Un acto lleno de poesía, say Delgadina. That the Spanish I hears. But y’all that knows Spanish gots to say what it means. Delgadina say that supposed to be a famous Spanish essay about gum chewing. ’Cause for Americans chewing gum is just natural, but that Spaniard he wrote hisself a whole comic and cultural essay on the art of American gum chewing and what it say about popular American culture. Y’all that ain’t read that essay has got to read that essay. Even y’all that is interested in the subjects of race and class and culture can find something in that essay on chewing gum.
I knows how to fish, I says.
But I still be thinking he look like that Frito Bandito, though, but that’s why they got that Frito Bandito so you be thinking every Mexican a Frito Bandito. To tell the truth, when I first come in this restaurant, I be wondering which the Frito Bandito myself, though I ain’t tell Delgadina. When she returns where I am she says that the man wanted to know whether I’m an immigration officer. I start to tell her about that Maria but decide not to. She got that bodacious hair too, except but it shorter hair than Maria’s. Look kinda like Sean Young’s hair, you know, the actress. Except in them early movies that Sean Young have that long hair, like Maria, when she used to play in them B movies and kinda look like a Chicana. Lotta them gringa Americans look like Chicanas, ’cept you know they ain’t Chicana. If somebody tell you they Chicana, then you be looking at them like they Chicana. And you be having different ideas of who they are and they possibilities.
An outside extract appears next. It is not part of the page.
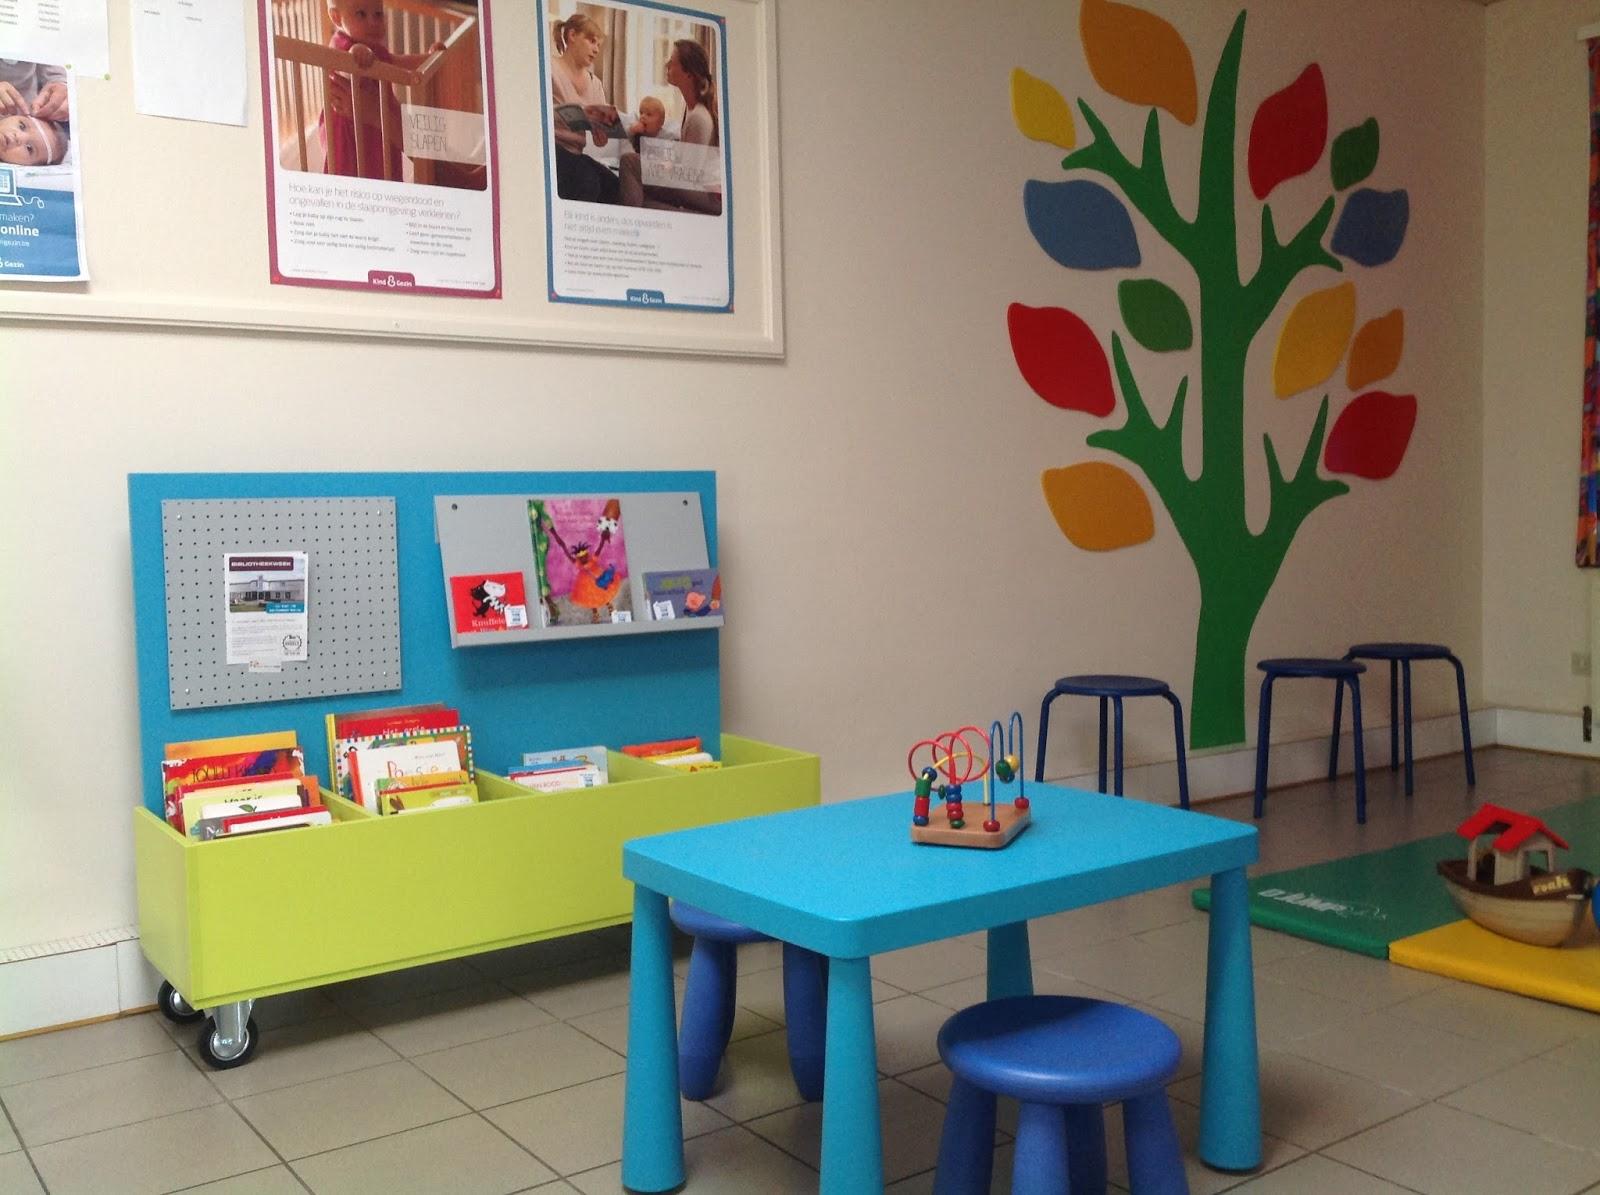 Bib kalmthout opent bibpunten in ocmw en huis van het kind bib kalmthout - Huis van kind buiten ...

That’s how come some of them changes they names. And they even gets to play roles with different possibilities. Now how that man think I’m immigration? And them border police, I just seen men border police, but maybe they got women border police. I think I heard about some woman that goes along the border with them mens hunting them Mexicans. I don’t know if that’s a true story, though. And all them border police they ain’t just gringos either, they got them some Mexicans or Mexican Americans, probably even African-American border police, but it seems like it’s mostly them gringos that thinks I’m smuggling.
I remember once when one of them border patrols stopped me I started to say I ain’t smuggling nobody but myself. Course I didn’t say that, I just showed my license and my registration papers. I had to get out of my truck and open the back of my truck. Didn’t have no Maria in it, then, but he was making me feel like I was some kinda smuggler, even though I knew I weren’t. Then I be thinking about them fugitives and them good and bad slaves. Remembering something I’d heard about them good and bad slaves.
When Delgadina taking that course on the politics of race, she be talking about how that matter of race suppose to complicate the matter of goodness. Like in the old days. Ain’t a good slave supposed to be bad and a bad slave supposed to be good? And what about them good and bad masters? There be some slaves talking good master this and good master that. And even heard somebody say that only good masters can make good slaves. A good master makes a good slave, that’s what they said. I mean, that you got to be a good master in order to make people into good slaves. But what they mean by good master, and it the same thing a slave mean by good master? But then others be saying if slavery itself is bad, then there can’t be no good masters. Then Delgadina be talking about Gypsy culture in Europe, and be calling the Gypsies the niggers of Europe. But then them Europeans makes a lot of peoples they niggers.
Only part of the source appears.